Instructions to follow: When the data below is printed, every line must match exactly and the images must be absent.

Supplied information:
--
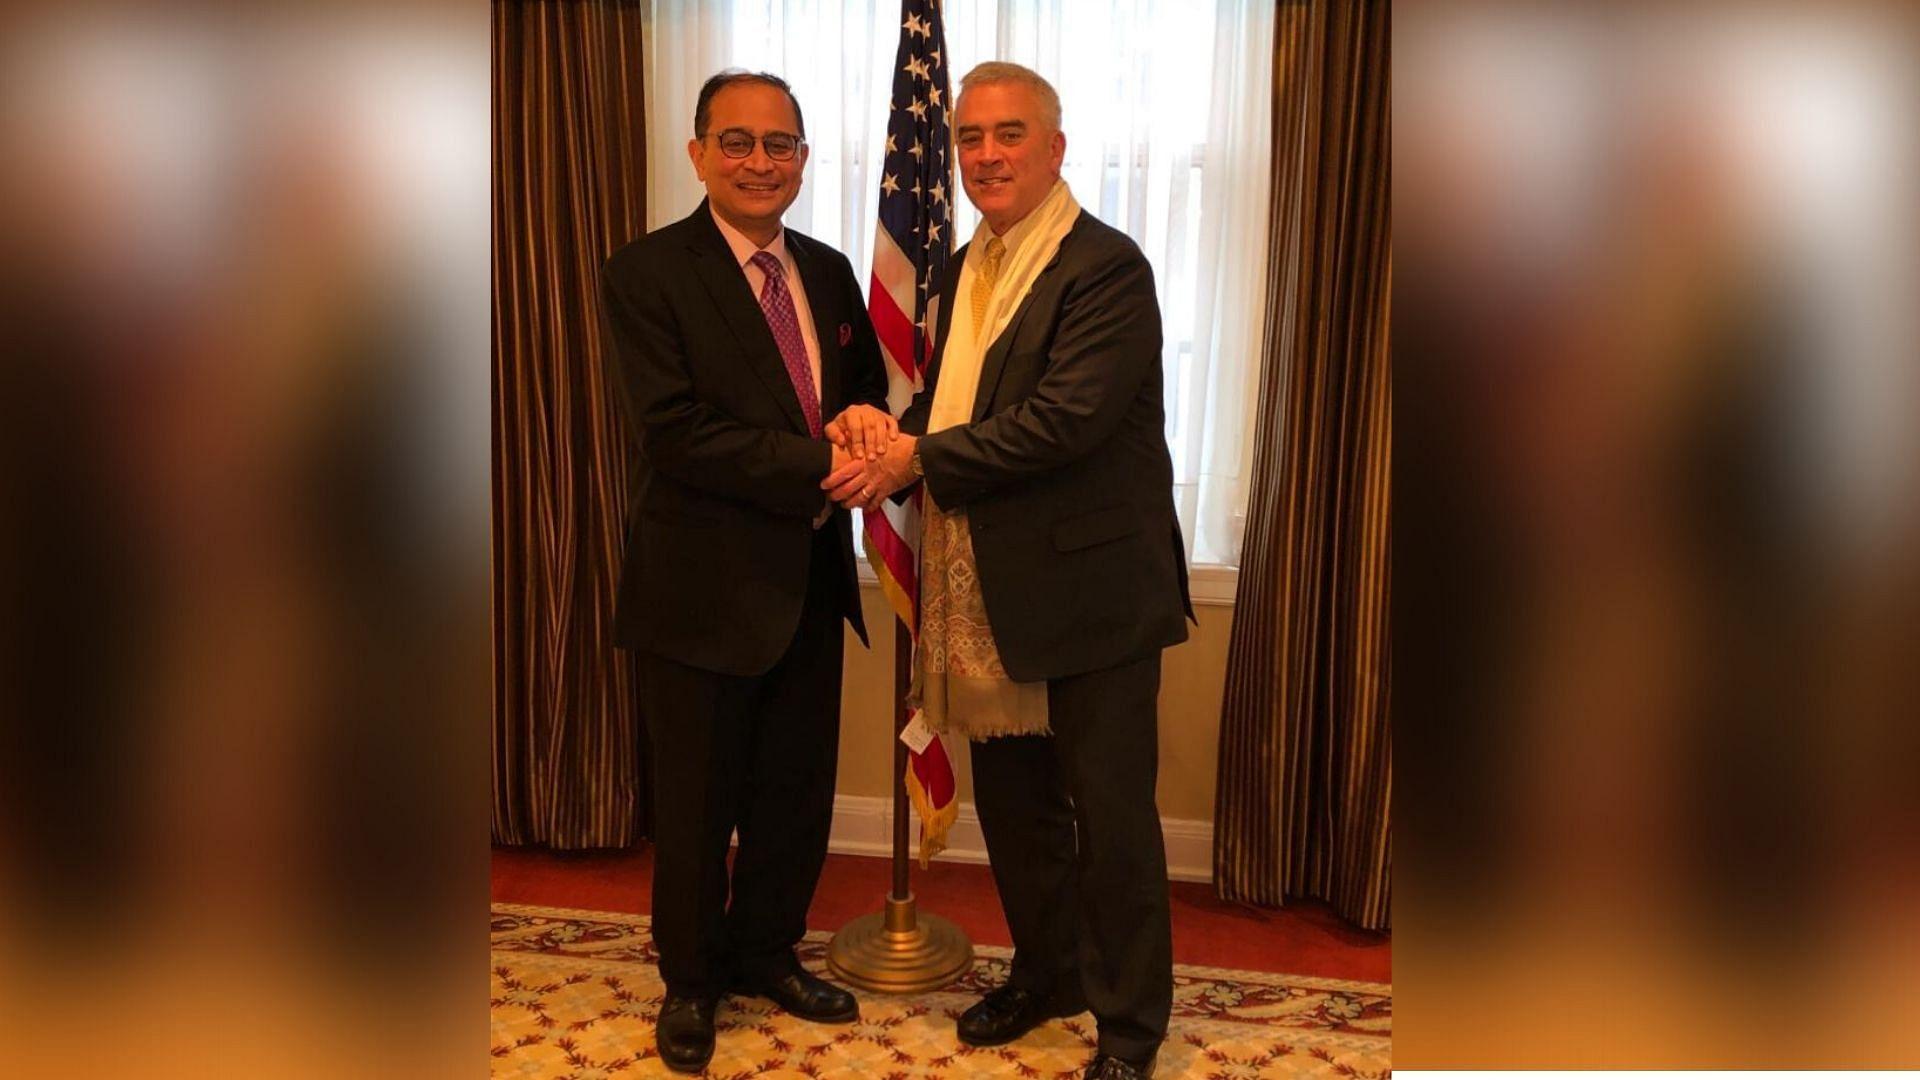 Indian Diplomat Endorses 'Israel-Like Model' for Kashmir
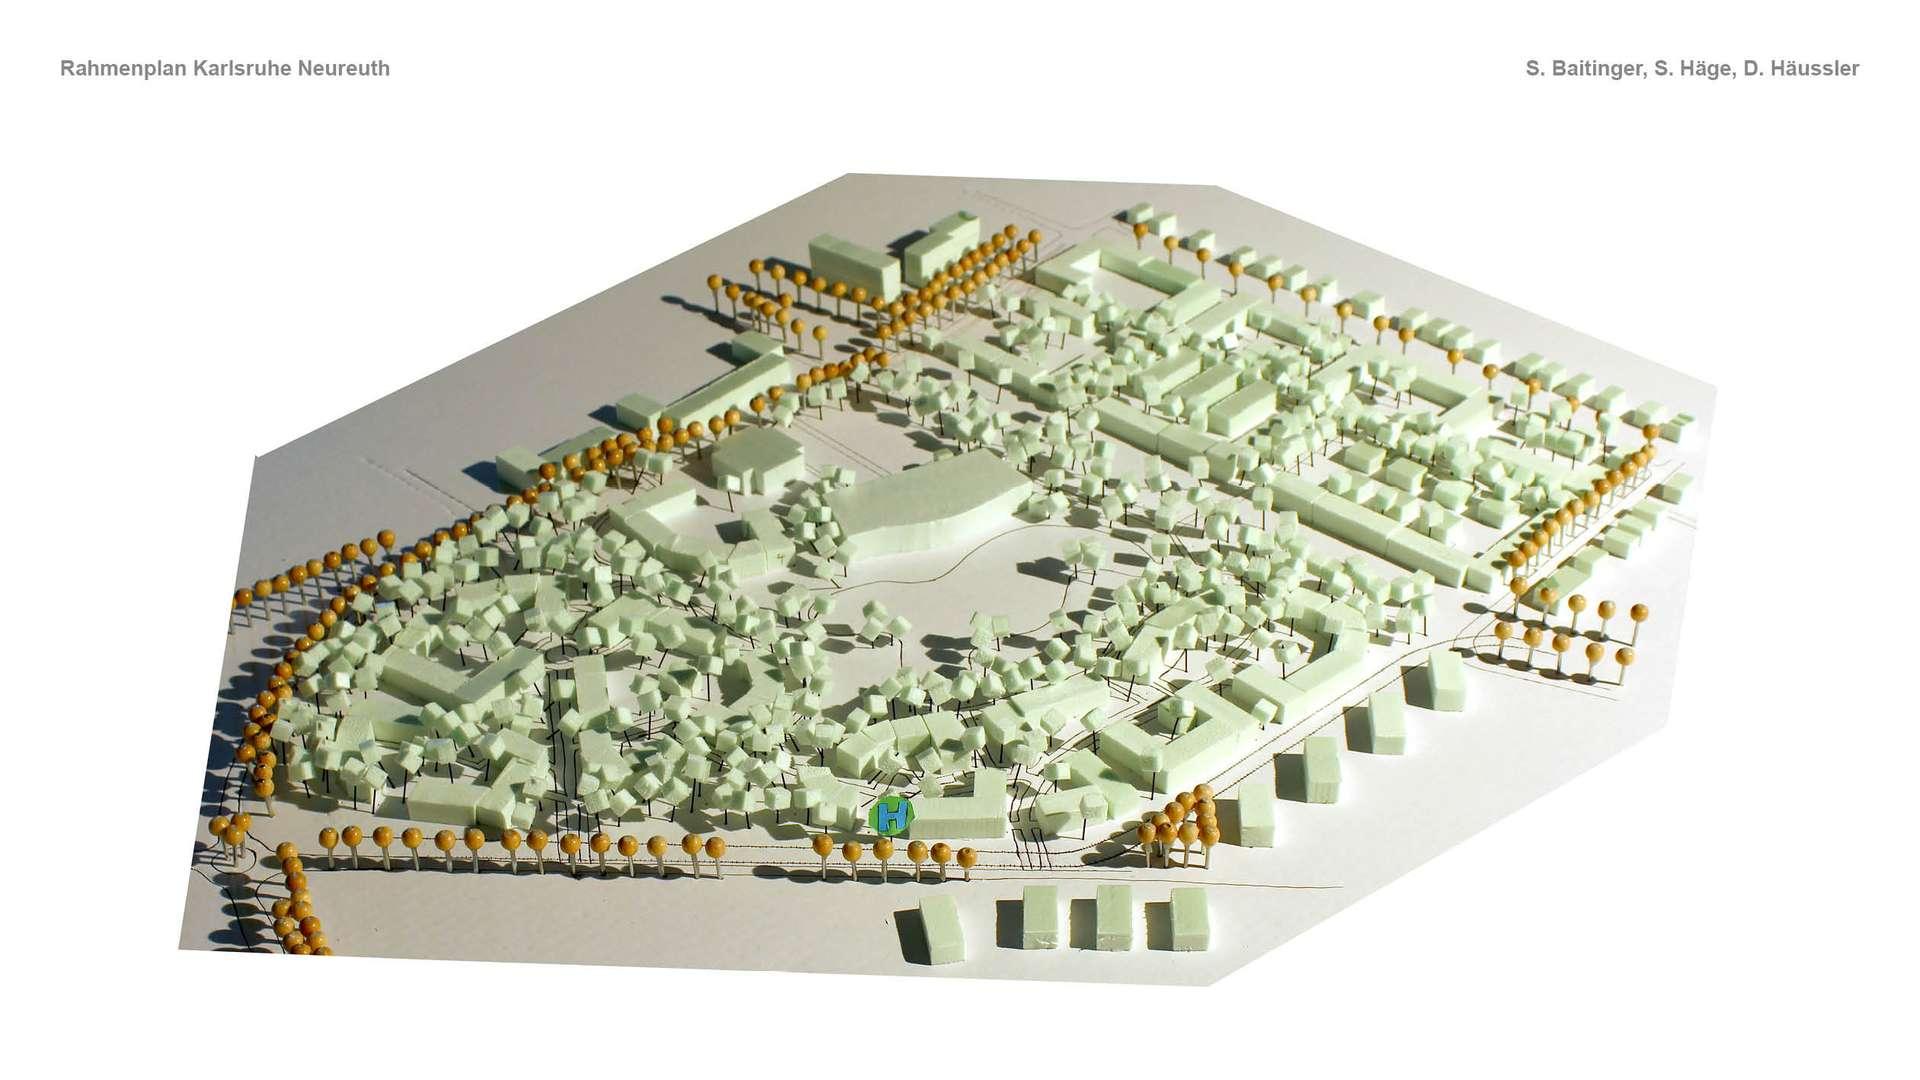 17 Rahmenkonzept Karlsruhe Neureuth
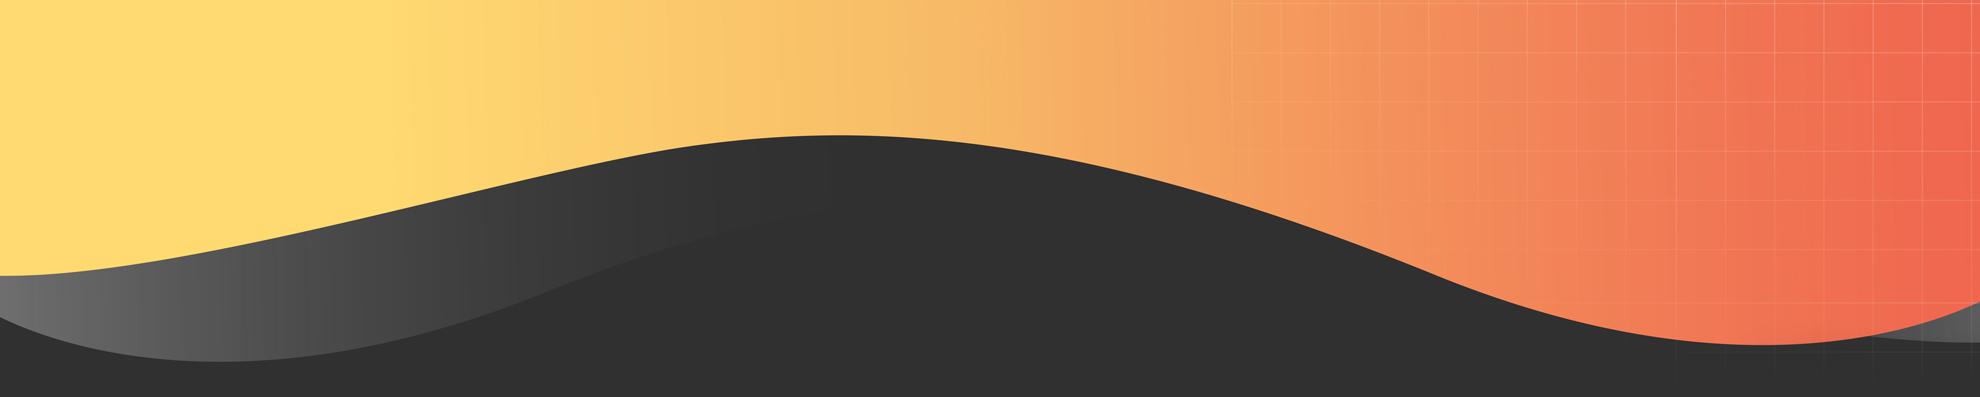 top-b-官方網頁設計,官方網站設計, 品牌網站設計, 網站設計, 網頁設計, 響應式網頁設計, 公司網站設計, 公司網站, 產品網站, LOGO設計, 設計LOGO, 設計品牌, 創意設計, 品牌設計, 商標設計, 平面設計, 視覺設計, 名片設計, 產品設計, 包裝設計, 網頁設計, 網站設計, CIS企業識別設計, CIS, LOGO, DESIGN, brochure, Flyertop-b_網站設計_網頁設計_響應式網頁設計_公司網站設計_公司網站_產品網站_LOGO設計_設計LOGO_設計品牌_創意設計_品牌設計_商標設計_平面設計_視覺設計_名片設計_產品設計_包裝設計_網頁設計_網站設計_CIS企業識別設計_CIS_LOGO_DESIGN_brochure_Flyer
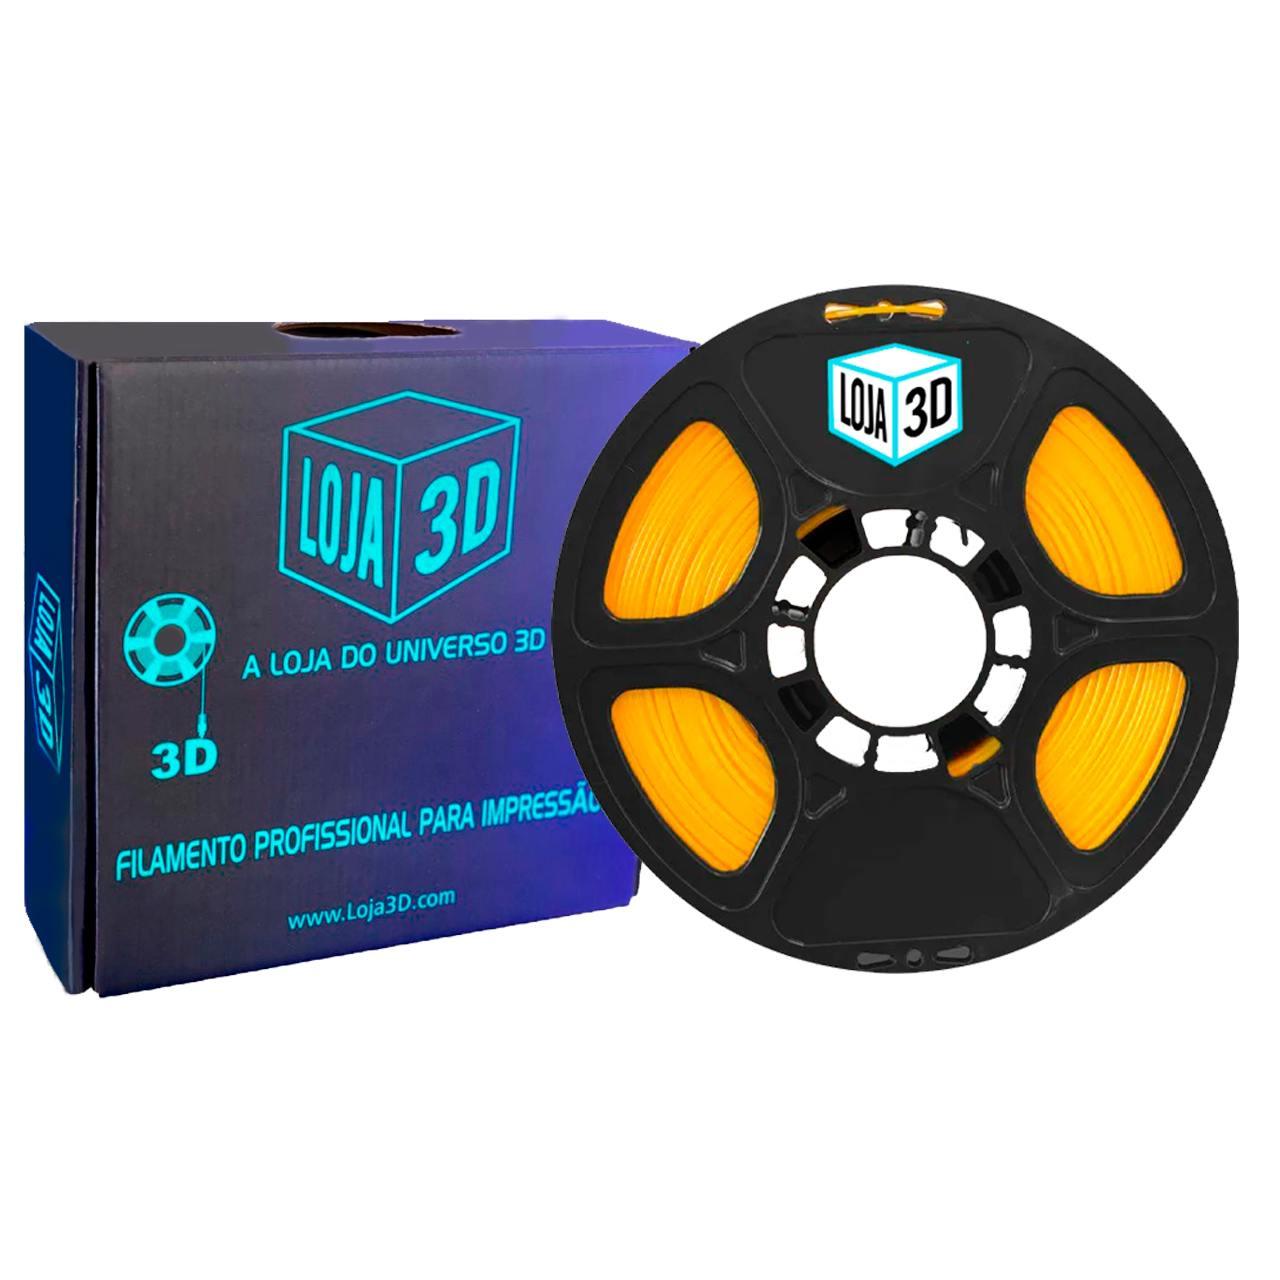 Filamento PET-G Pro - Amarelo - Loja 3D - 1.75mm - 1kg
--
Task answer:
 Indian Diplomat Endorses 'Israel-Like Model' for Kashmir
 17 Rahmenkonzept Karlsruhe Neureuth
 top-b-官方網頁設計,官方網站設計, 品牌網站設計, 網站設計, 網頁設計, 響應式網頁設計, 公司網站設計, 公司網站, 產品網站, LOGO設計, 設計LOGO, 設計品牌, 創意設計, 品牌設計, 商標設計, 平面設計, 視覺設計, 名片設計, 產品設計, 包裝設計, 網頁設計, 網站設計, CIS企業識別設計, CIS, LOGO, DESIGN, brochure, Flyertop-b_網站設計_網頁設計_響應式網頁設計_公司網站設計_公司網站_產品網站_LOGO設計_設計LOGO_設計品牌_創意設計_品牌設計_商標設計_平面設計_視覺設計_名片設計_產品設計_包裝設計_網頁設計_網站設計_CIS企業識別設計_CIS_LOGO_DESIGN_brochure_Flyer
 Filamento PET-G Pro - Amarelo - Loja 3D - 1.75mm - 1kg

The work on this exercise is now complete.